Narrazioni della parabola di Piero (7)
Caro Piero,
la tua bella, semplice, comprensiva, onesta umanità è stata per noi un dono stupendo e gradito.
Quella tua umanità che sapeva donare con serenità e sapeva suscitare entusiasmo. Quella tua umanità che affascinava i nostri cuori, riempiendoli di speranza in un contesto di profondo scoraggiamento diffuso di fronte al sempre più problematico vivere quotidiano.
“Quale bellezza salverà il mondo?” si chiedeva il cardinale Carlo Maria Martini, in una lettera pastorale rivolta alla sua città, Milano. Era una citazione dal romanzo “L’idiota” di Fëdor Dostoevskij. “Mettersi in ascolto delle domande vere del cuore umano vuol dire cogliere ogni nostalgia della bellezza, per camminare insieme con tutti, alla ricerca della bellezza che salva”, continuava Martini.
Caro Piero,
la tua amicizia, la gratuità dei tuoi doni ci hanno fatto vivere il dono della “Bellezza che salva”.
Il rigo 39 del salmo 105, dove si canta Dio che guida gli ebrei nel deserto, la Chiesa lo traduce: “Distese una nube per proteggerli”. Lo scrittore Erri De Luca invece afferma che va tradotto così: “Stese una nuvola come tappeto”.
Dio spiana in cielo il suo cirro, ed esso, per effetto dell’ombra che produce, forma in terra una traccia.

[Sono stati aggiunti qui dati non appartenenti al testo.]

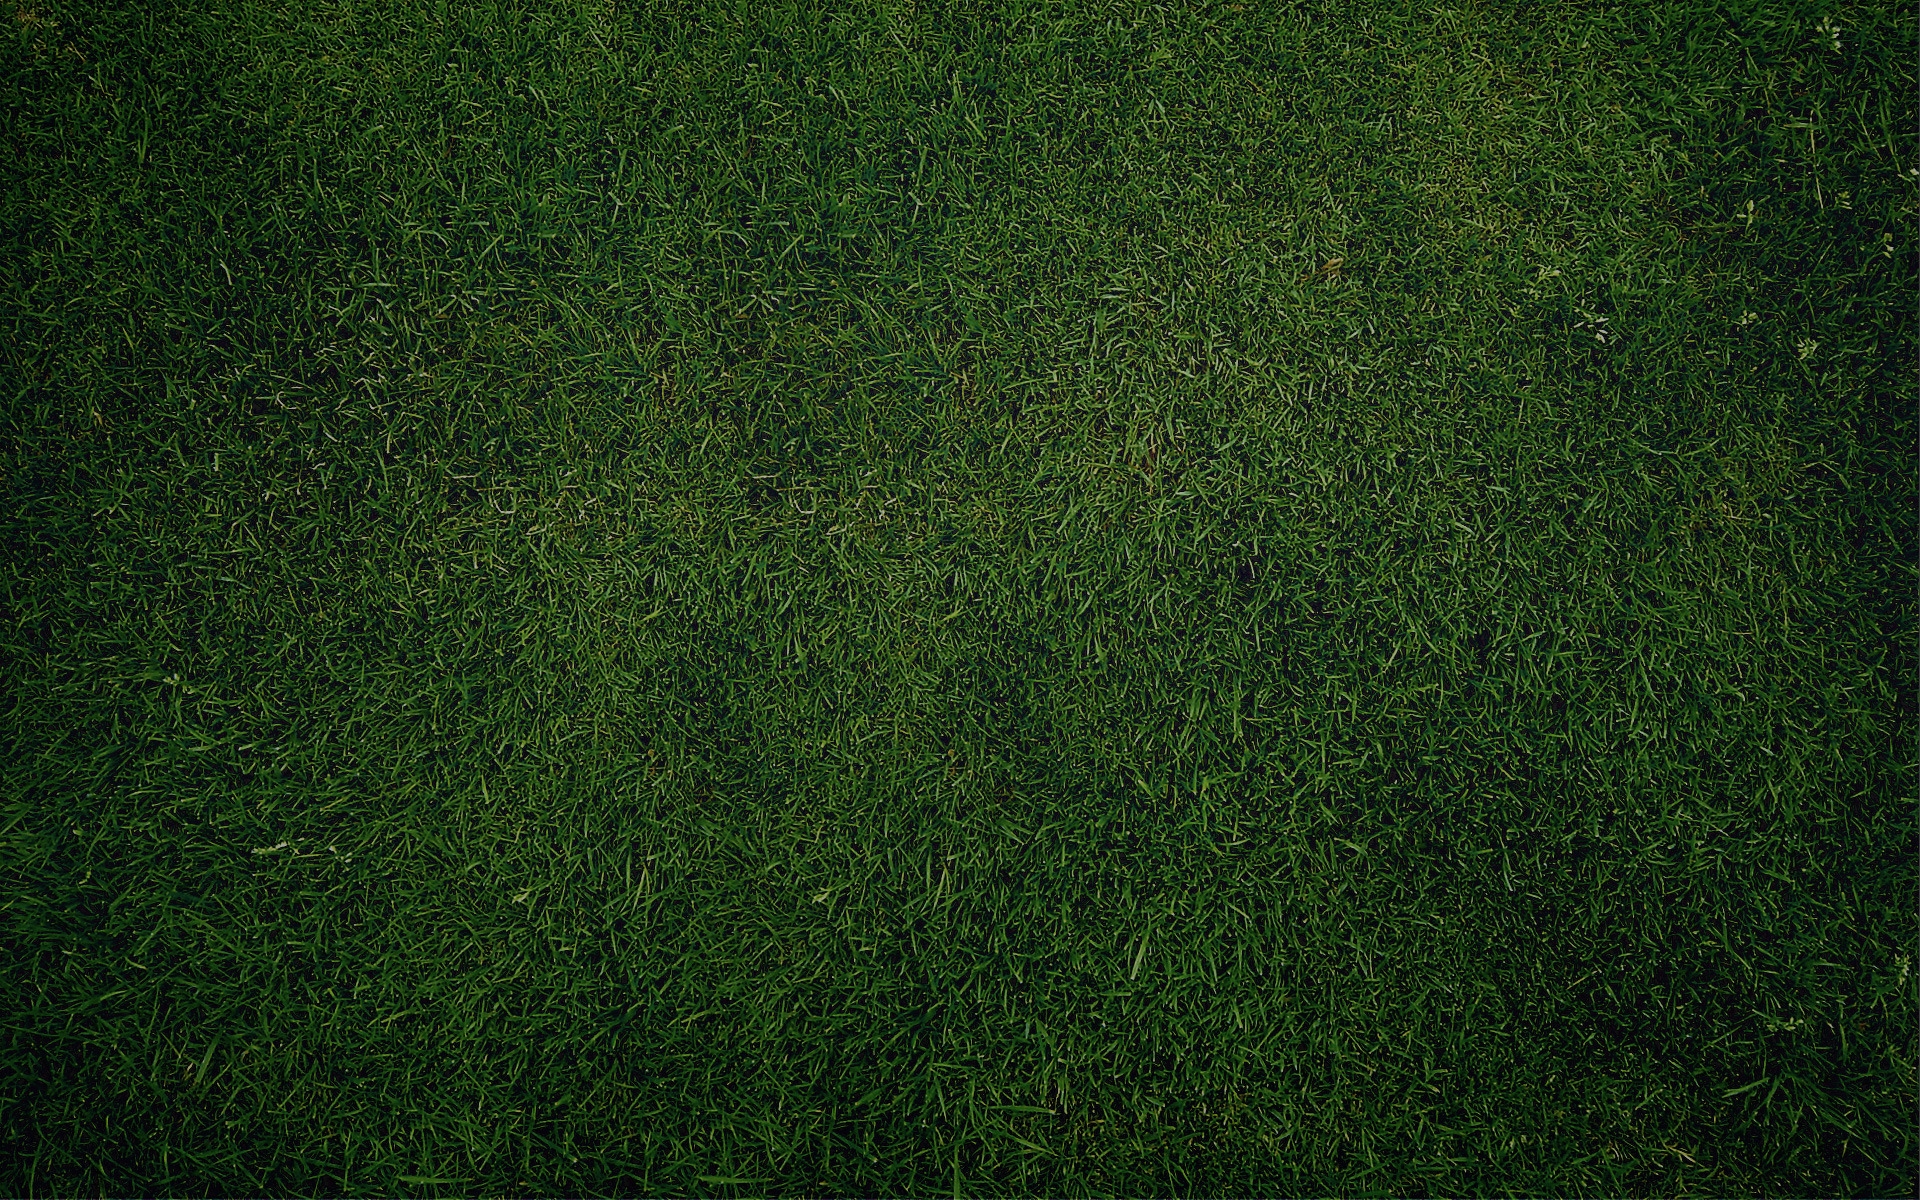 Green Grass for 1920 x 1200 widescreen resolution

Dove dirigersi nell’uniformità dell’orizzonte delle banalità del nostro vivere quotidiano? Dobbiamo levare lo sguardo al cirro disteso, la cui ombra si stende in terra come un tappeto, dobbiamo affidarci alla segnaletica celeste.
Ciao Piero,
a me, in ogni caso, piace pensare a te come segno celeste, come visione di ciò che è bene.
Ogni colloquio con te era una sorpresa gradita. Con te vicino non avevo paura di uscire fuori da me stesso e vivere con scioltezza.
Lo so, ho imparato, amico mio. La vita non cambia di molto. È il nostro sguardo che cambia, diventa più largo, capace di scandagliare meglio il senso degli eventi. Confesso che di amici non ne ho molti. A Voghera ho incontrato te.
All’inizio ti ho guardato diffidente. Stupidamente mi sono chiesto: a cosa servono gli amici? Poi, piano piano, ho cominciato ad accorgermi che gli amici “non servono”, gli amici “sono”, e sono insieme a te.
Ed ecco che, quando riconosci con tutto te stesso, agli uomini e alle donne che ti affiancano, il valore infinito di “essere”, allora ti accorgi che non c’è più spazio per i fantasmi, che i problemi, pur seri e gravi, sono “cose”, non più fantasmi.
Ciao Piero,
il mio male mi pone in bilico nella vita. Potrei raggiungerti in ogni momento. Ti confesso però che non ho alcuna fretta…
Piero, ti voglio bene, ti vorrò sempre un gran bene. Ciao.